CHAPITRE 1 | PROBLÉMATIQUE

1.3. Recension des écrits

1.3.4. La démonstration de la preuve et les facteurs d’influence

Une fois l’abus divulgué aux autorités policières et l’Entente multisectorielle enclenchée, de nombreux facteurs viennent influencer le cours du processus de criminalisation.
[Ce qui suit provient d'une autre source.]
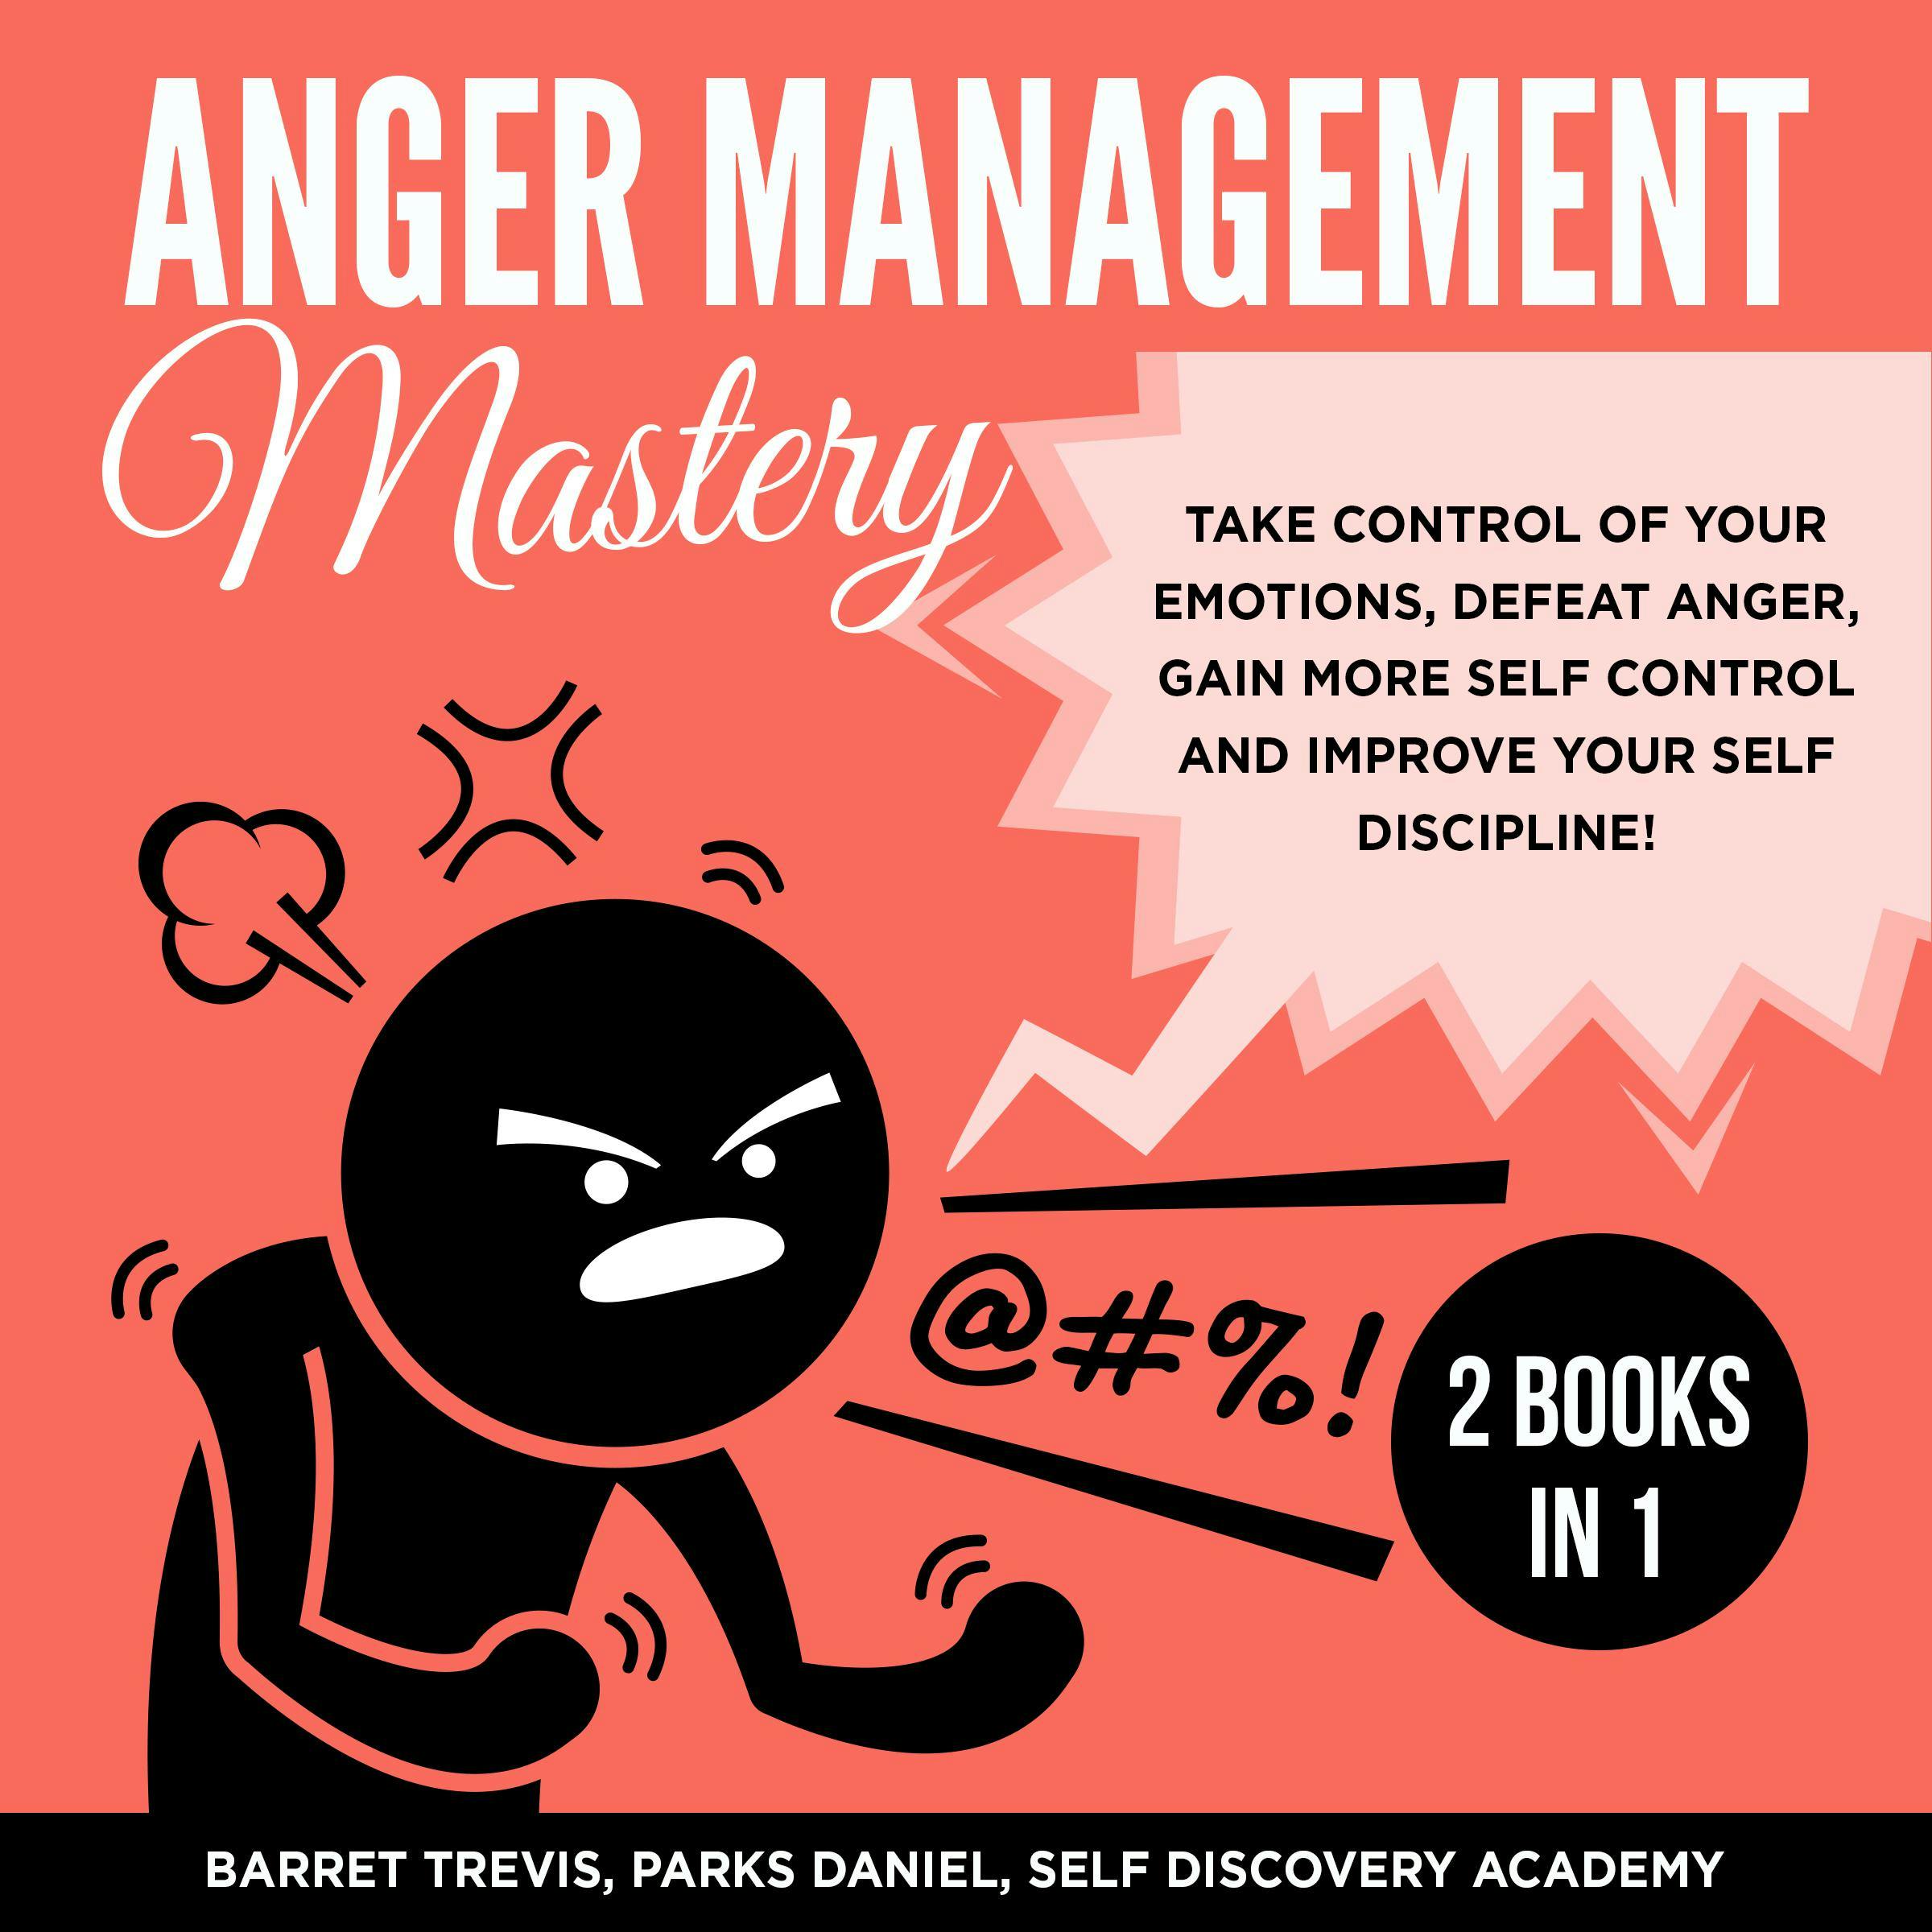 Anger Management Mastery 2 Books in 1: take control of your Emotions, defeat Anger, gain more Self Control and improve your Self Discipline! - Self Discovery Academy, Parks Daniel, Barret Trevis

D’abord, à l’étape de l’enquête policière ou lors de l’application de l’Entente multisectorielle, des motifs précis peuvent soutenir la décision des policiers de ne pas confier la situation de l’enfant au procureur. Une étude conduite par Davis et coll. (1999) sur l’admissibilité et la suffisance de la preuve dans les situations de criminalisation des abus démontre que les motifs d’arrêt des procédures sont différents dépendamment qu’il s’agit de situations d’abus physiques ou sexuels. Dans le cas des abus sexuels, par exemple, les motifs peuvent être que l’enfant n’a pas déposé une plainte au moment de l’interrogatoire ou encore le fait que le policier ne tenait pas pour crédible la version de l’enfant. Cross et coll. (1999) croient aussi que la crédibilité de l’enfant peut influencer l’abandon des procédures, mais ils ajoutent aussi la non-disponibilité de l’enfant à témoigner. Les auteurs mentionnent également que les procédures peuvent être abandonnées par les policiers si la famille ou le procureur ne sont pas d’avis qu’il faille aller plus loin dans le processus (Cross et coll.,1999). Ce dernier constat rejoint celui de Davis et coll. (1999) comme quoi il est inévitable que le policier et le procureur s’entendent sur la même décision pour assurer une poursuite efficace des procédures. Dans le cas des abus physiques, les motifs liés à l’arrêt des procédures sont distincts : soit l’abus est perçu comme un châtiment raisonnable par le policier, soit ce dernier considère que la criminalisation est susceptible de créer

une source de discorde dans la famille et d’être nuisible au long cours. En dépit du type d’abus, il est observé que les policiers soumettent fréquemment des situations au procureur même lorsqu’ils doutent de détenir des preuves suffisantes, ceci ayant comme objectif que le procureur agisse comme conseiller ou qu’il prenne une décision finale sur la nécessité de porter des accusations (Davis et coll., 1999).Ces éléments méritent cependant d’être analysés avec prudence puisque les recherches sur le sujet sont plus ou moins récentes. À l’étape subséquente du processus de criminalisation, soit lorsqu’une situation est confiée au procureur, la décision de porter des accusations criminelles est une fois de plus guidée par la démonstration de la preuve. Des motifs distincts sont également observés entre les situations d’abus sexuels et d’abus physiques. Lorsqu’il est question d’abus sexuels, la criminalisation dépend majoritairement de la validité des faits rapportés par l’enfant. La précision demeure le premier critère de validité (Davis et coll., 1999). Gray (1993) soulève quatre raisons principalement évoquées par les procureurs pour abandonner le processus. Les deux premières raisons sont en lien avec la validité des faits rapportés par l’enfant, c’est-à-dire que la preuve ne peut être corroborée ou que la version de l’enfant a changé. La troisième raison est que la famille s’oppose à la criminalisation. Enfin, la dernière raison est le jeune âge de l’enfant (Gray, 1993, dans Sedlak et coll., 2006). Des raisons similaires sont recensées par Spohn et coll. (2001). En ce qui a trait aux situations d’abus physiques, ce sont les preuves médico-légales prouvant la présence d’une blessure grave, non accidentelle et ayant le plus souvent des conséquences à long terme qui priment dans la décision de poursuivre les procédures (Davis et coll.,1999). Cette observation va de pair avec les observations de Tjaden et Thoennes (1992) comme quoi les situations les plus sévères d’abus sont celles étant le plus souvent criminalisées. Généralement, si le moment entre l’incident et l’enquête est trop long, il n’y a pas présence d’évidence médicale et la situation ne franchira pas d’étapes subséquentes dans le processus de criminalisation (Davis et coll.,1999).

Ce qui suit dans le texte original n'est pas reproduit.